File: RAxML_bipartitions.FigS1B.txt
Description:
This file was created with RAxML and contains the phylogeny of Microcystis strains using ITSc sequences built by RAxML. We constructed phylogenies using RAxML version 8.2.12 with an outgroup of Synechococcus strain NC 006576 obtained from NCBI, and a GTRGAMMA evolutionary model with bootstrap analyses of 10,000 repetitions to search for the best-scoring maximum likelihood tree.
Variables
NA
File: Microcystis_mapping_for_ITSc.csv
Description:
This file contains the metadata for the phylogeny contained in RAxML_bipartitions.tree.FigS1B.txt. Together with RAxML_bipartitions.tree.FigS1B.txt it is used to make one of the two phylogenies from Figure S1.
Variables
Column 1: Strain
The mapping variable that matches to the strains in the phylogeny.
Column 2: Tree_Groups
Strain type for annotating tree.
File: Heat_Stress_pfam_list.csv
Description:
A file containing a list of heat stress protein family genes and their pfam IDs. Citation for heat stress protein family genes: https://onlinelibrary.wiley.com/doi/pdf/10.1002/mas.10031.
Variables
Column 1: Gene
Heat Shock Protein Gene or gene family
Column 2: PFAM_ID_corresponding_to_gene
PFAM ID for gene or gene family
File: R_file10r_PFAMs_by_strain
Description:
Data on the number of heat shock protein family genes in each strain of *Microcystis *previously collected and analysed in Jackrel et al 2019 (Genome evolution and host-microbiome shifts correspond with intraspecific niche divergence within harmful algal bloom-forming Microcystis aeruginosa). This data is in long format to allow easier manipulation in R, so strains will appear multiple times to accommodate all PFAMs present per strain. Note that each PFAM will be recorded for each strain a number of times = to the number of times a gene of that family was found in the strain i.e. if there are two rows for PF000004.28 for strain BK11-02 two genes for this PFAM where found in the BK11-02 genome.
Variables
Column 1: Strain
The mapping variable that matches to the strains in the phylogeny in Fig S1*.*
Column 2: PFAMs_present
PFAMs present in strain
Column 3: Family_else_PFAM
The family name if available, otherwise the PFAM.
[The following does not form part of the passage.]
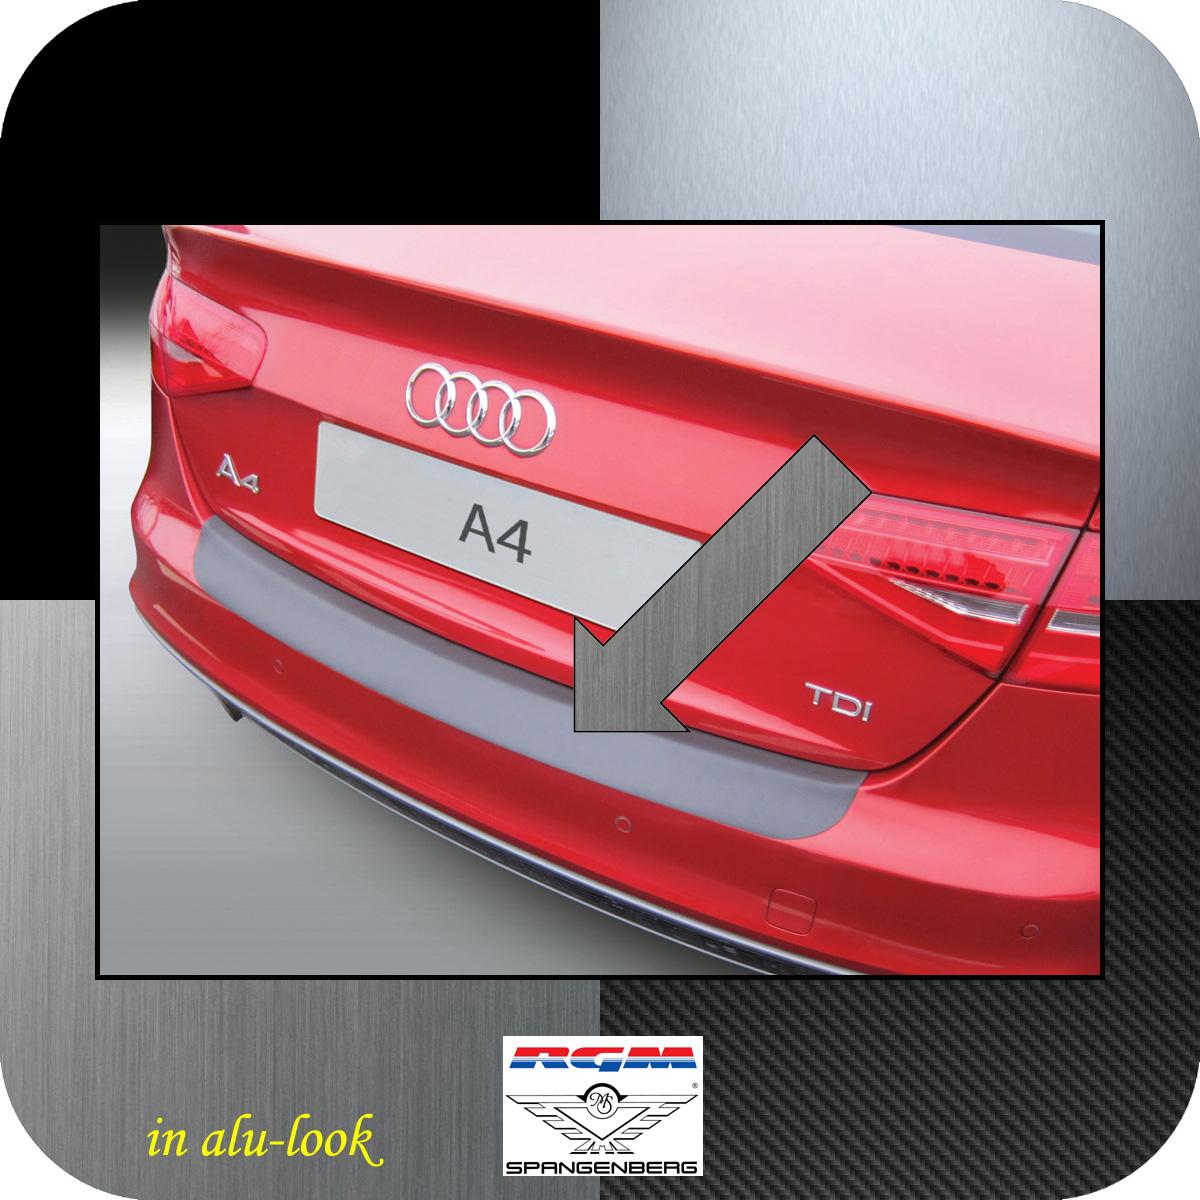 Ladekantenschutz Alu-Look Audi A4 B8 Limousine facelift 2012-2015 3504905

This is the same as the previous column except that where possible the PFAM code has been replaced by a gene name. *
Column 4: Gene & Column 5: PFAM_ID_corresponding_to_gene
Mapping genes to PFAM IDs – this is a copy of the contents of Heat_Stress_pfam_list.csv. It does not correspond to the columns 1:3 in terms of rows, but rather acts as a key.